* _INFORMATION PROVIDED_:
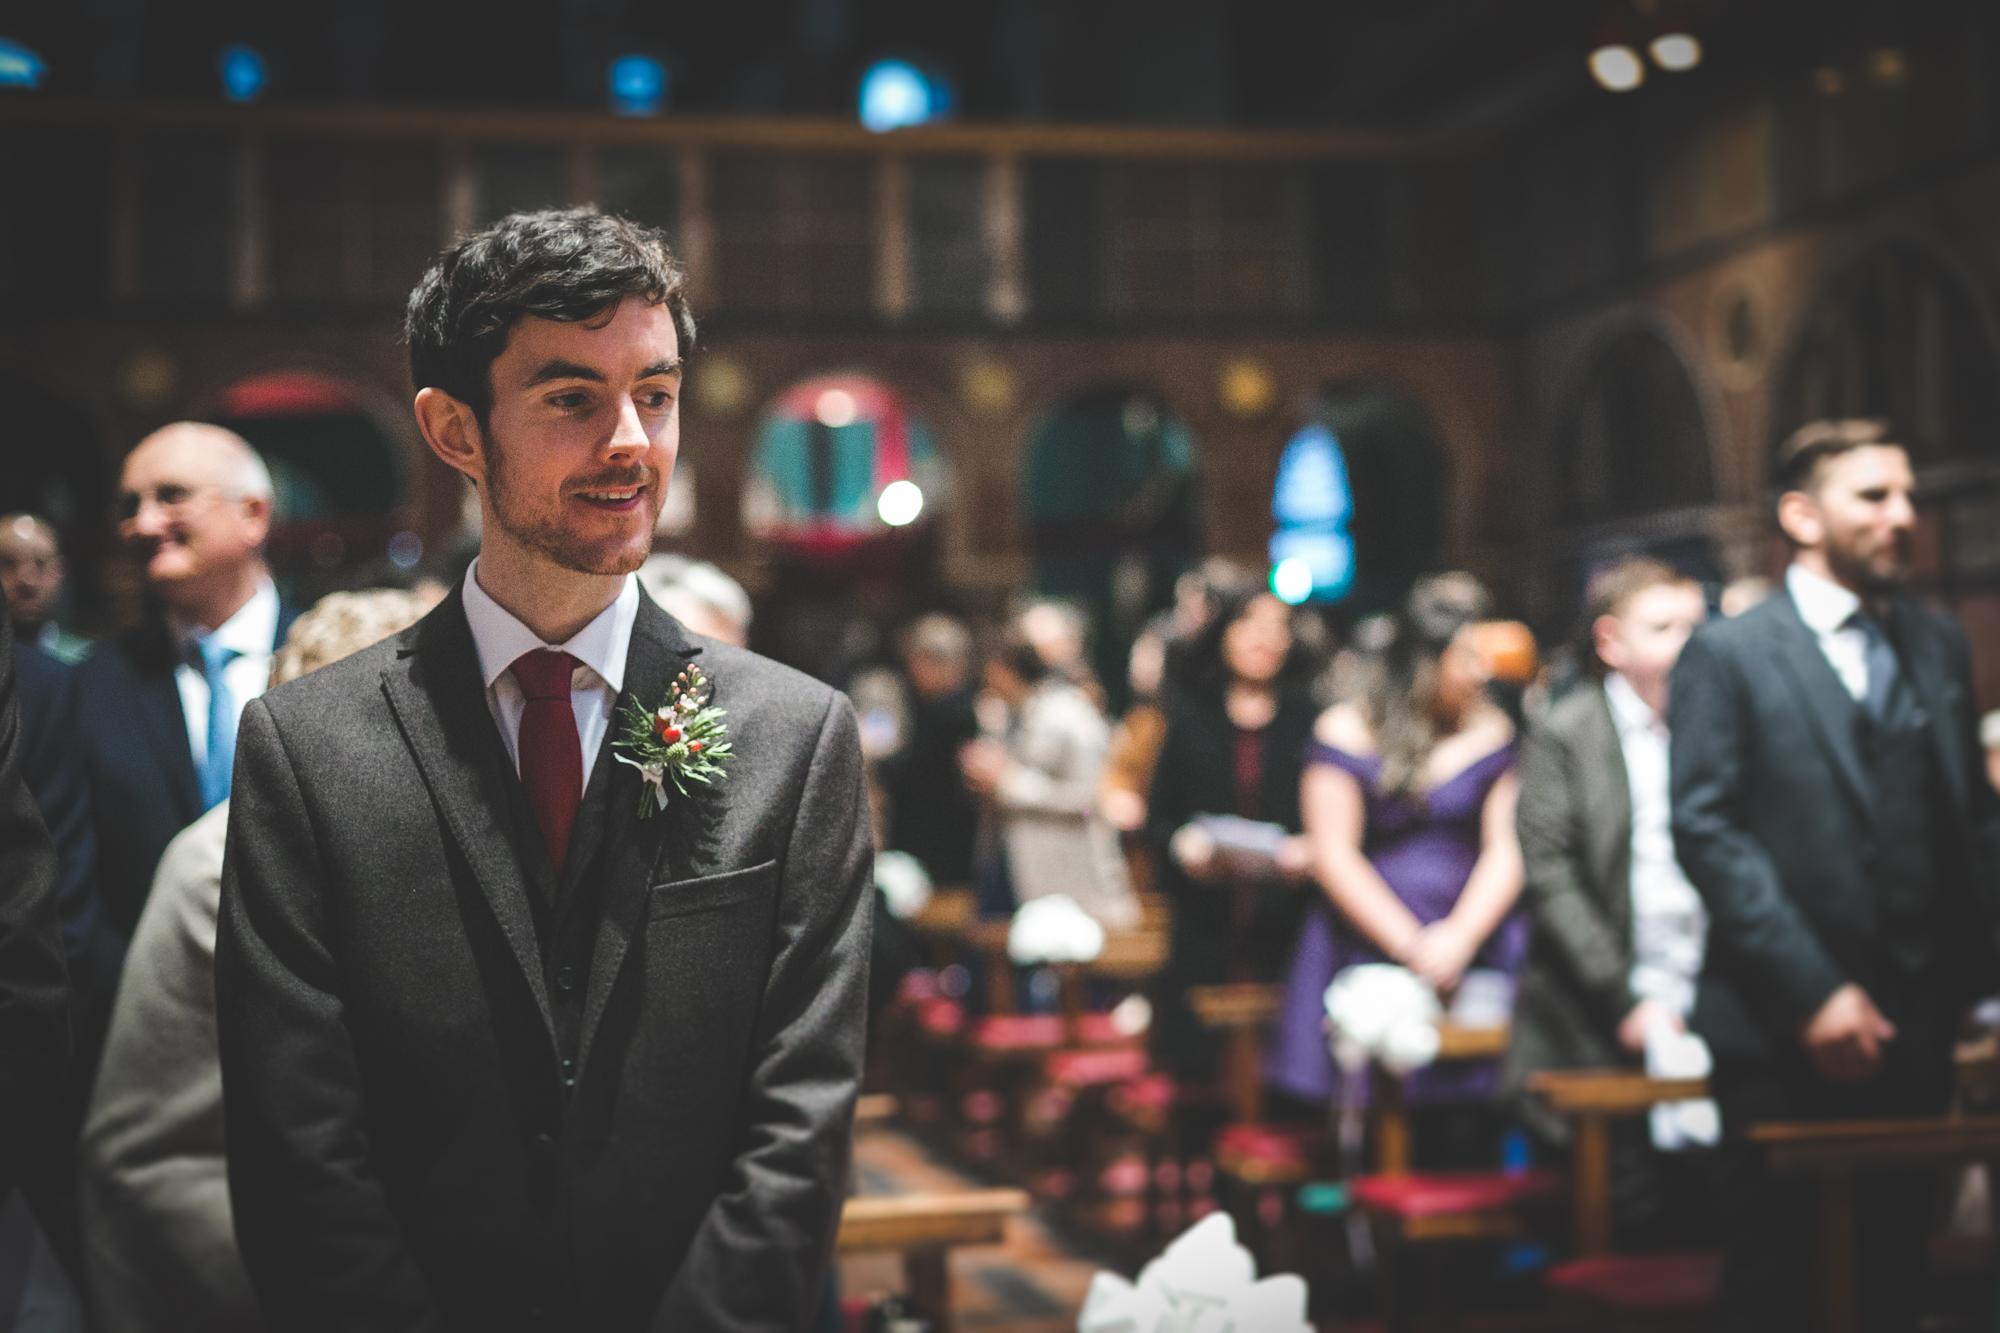 Hibernian Club wedding058.jpg
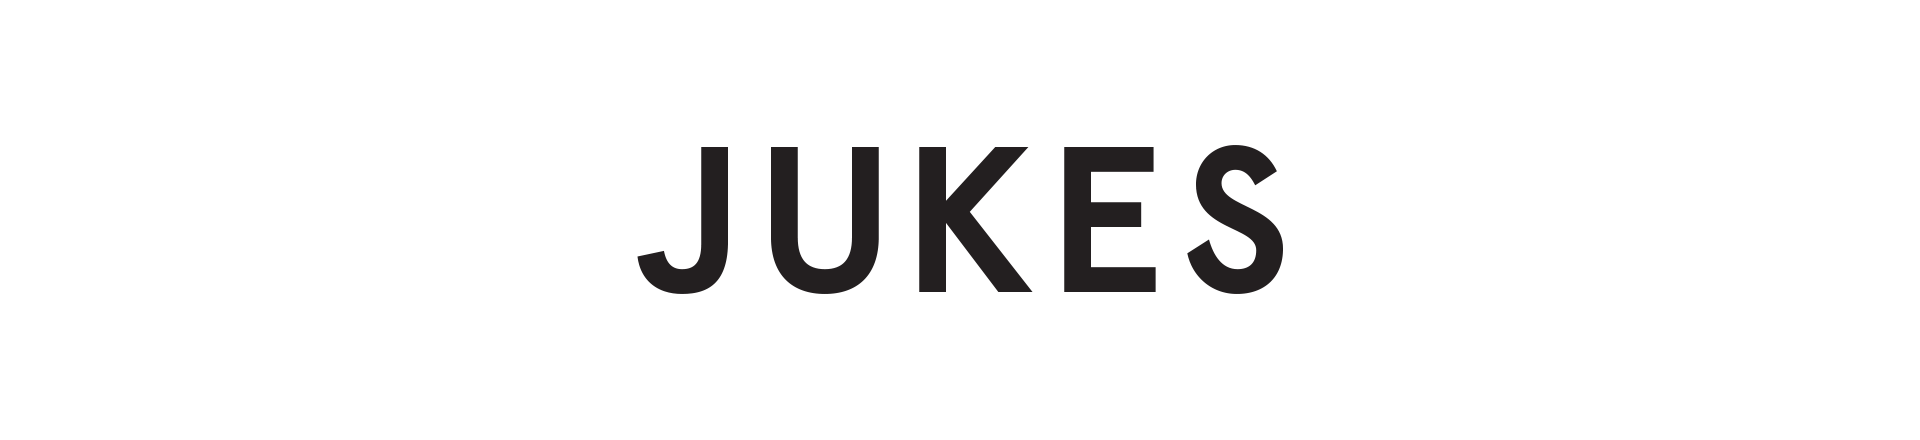 Jukes_Black (1).png
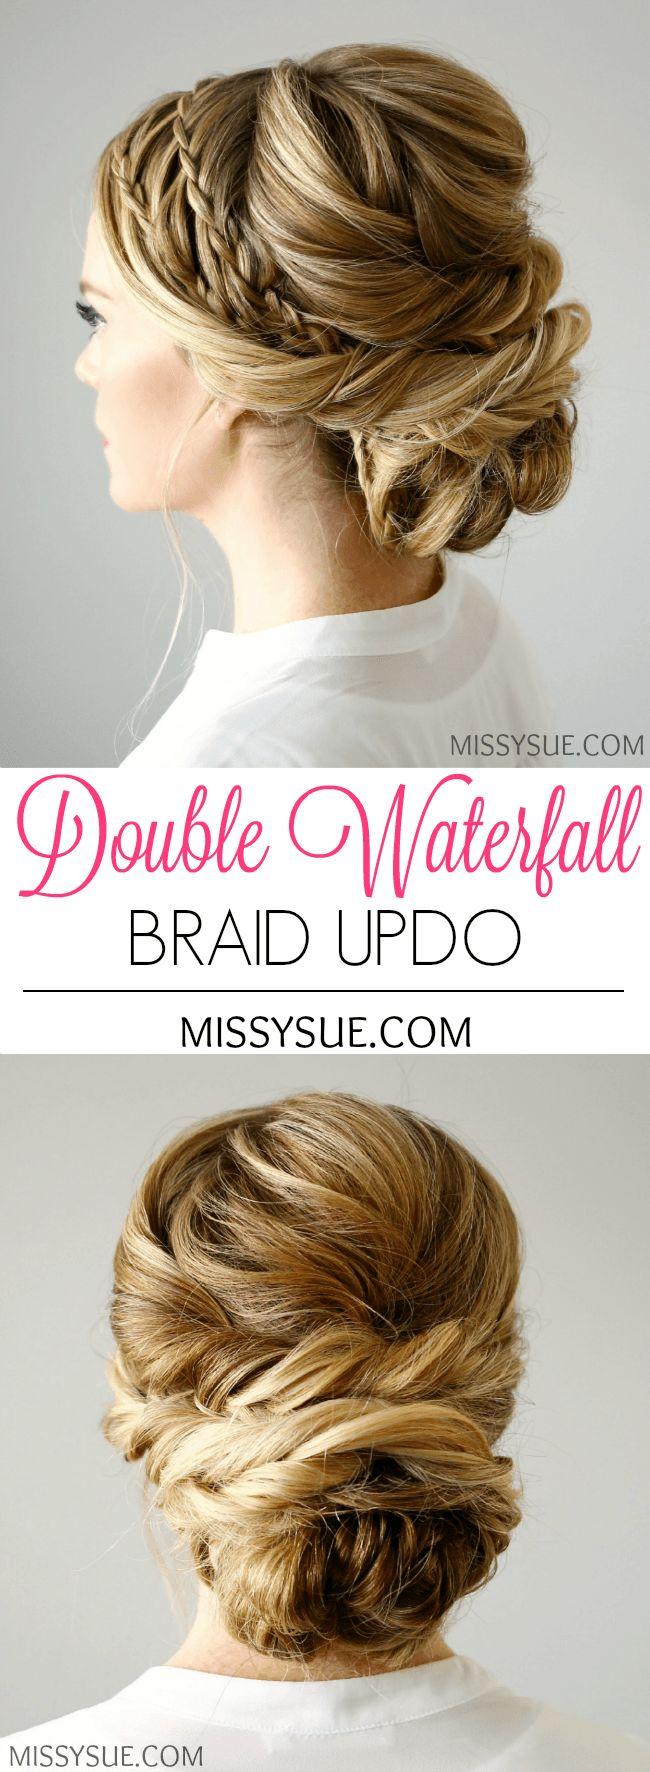 Enjoyable 1000 Ideas About Braided Updo On Pinterest Braids Braided Short Hairstyles For Black Women Fulllsitofus
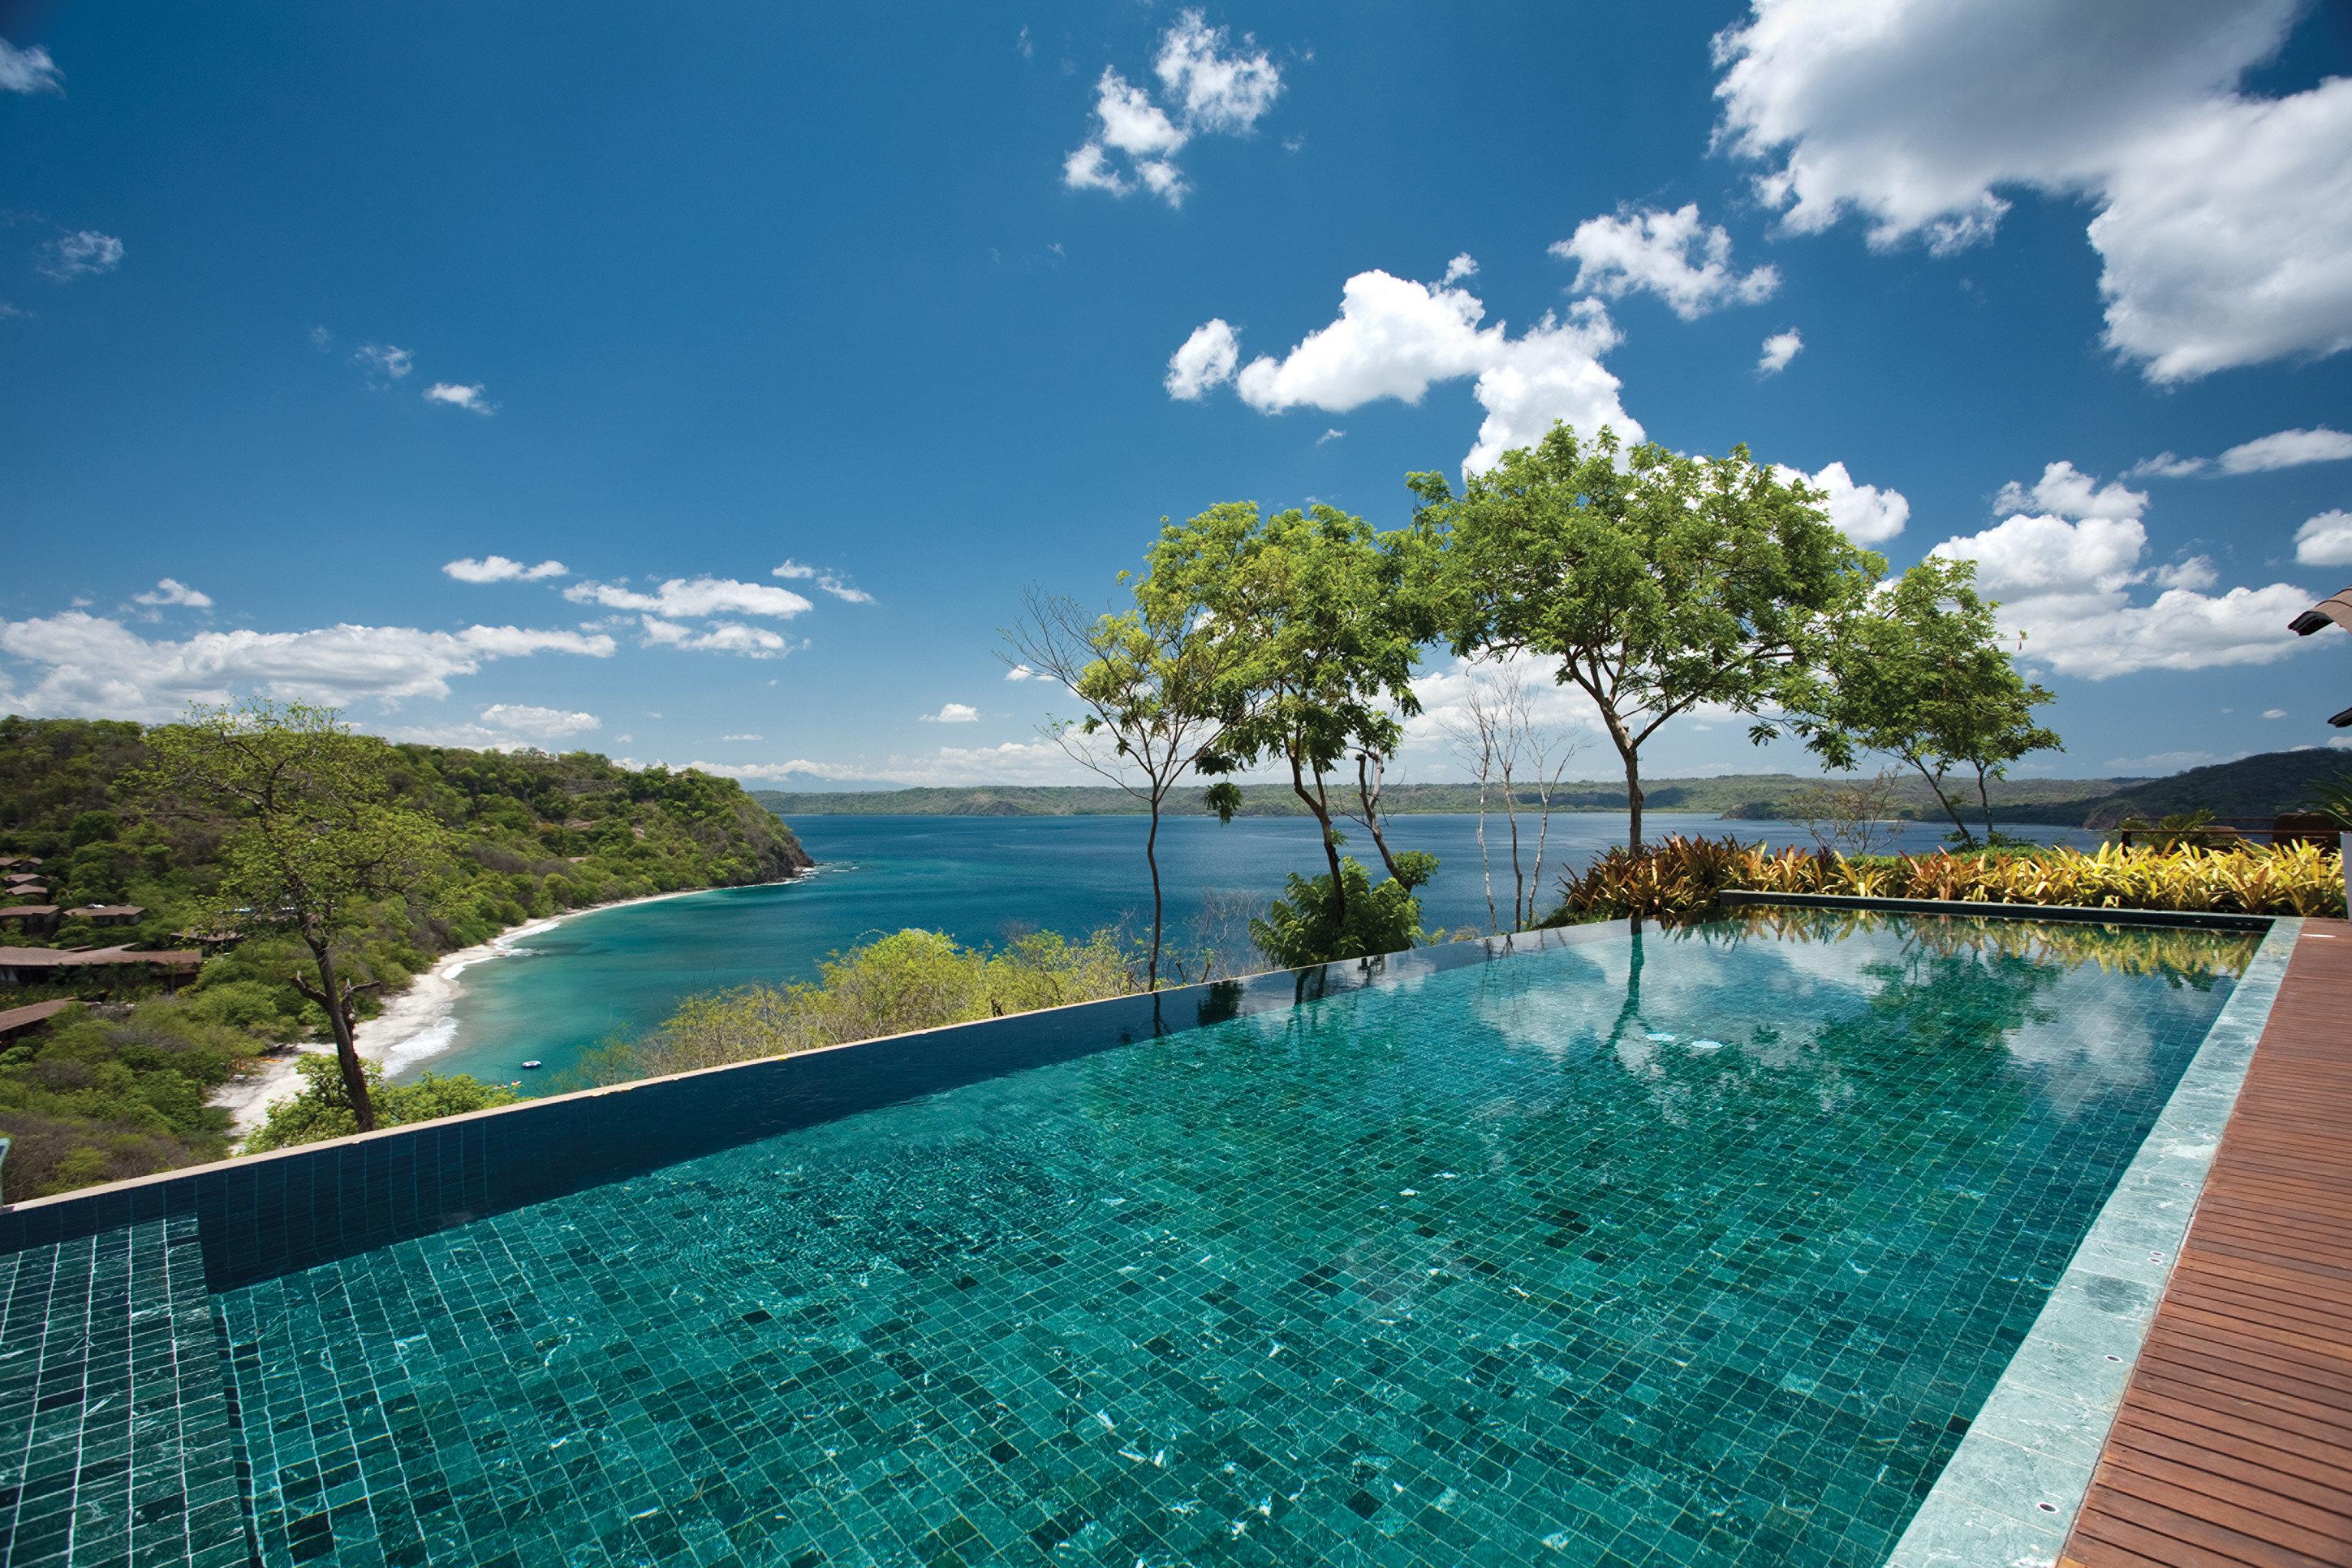 Hotels Living Lounge Luxury Modern Pool Scenic views Trip Ideas sky outdoor swimming pool Sea vacation estate Ocean caribbean Lagoon bay Resort day

* _HOW TO COMPLETE THIS TASK_:
The finished copy should match the data above word for word and contain no pictures.

* _EXERCISE SOLUTION_:
 Hibernian Club wedding058.jpg
 Jukes_Black (1).png
 Enjoyable 1000 Ideas About Braided Updo On Pinterest Braids Braided Short Hairstyles For Black Women Fulllsitofus
 Hotels Living Lounge Luxury Modern Pool Scenic views Trip Ideas sky outdoor swimming pool Sea vacation estate Ocean caribbean Lagoon bay Resort day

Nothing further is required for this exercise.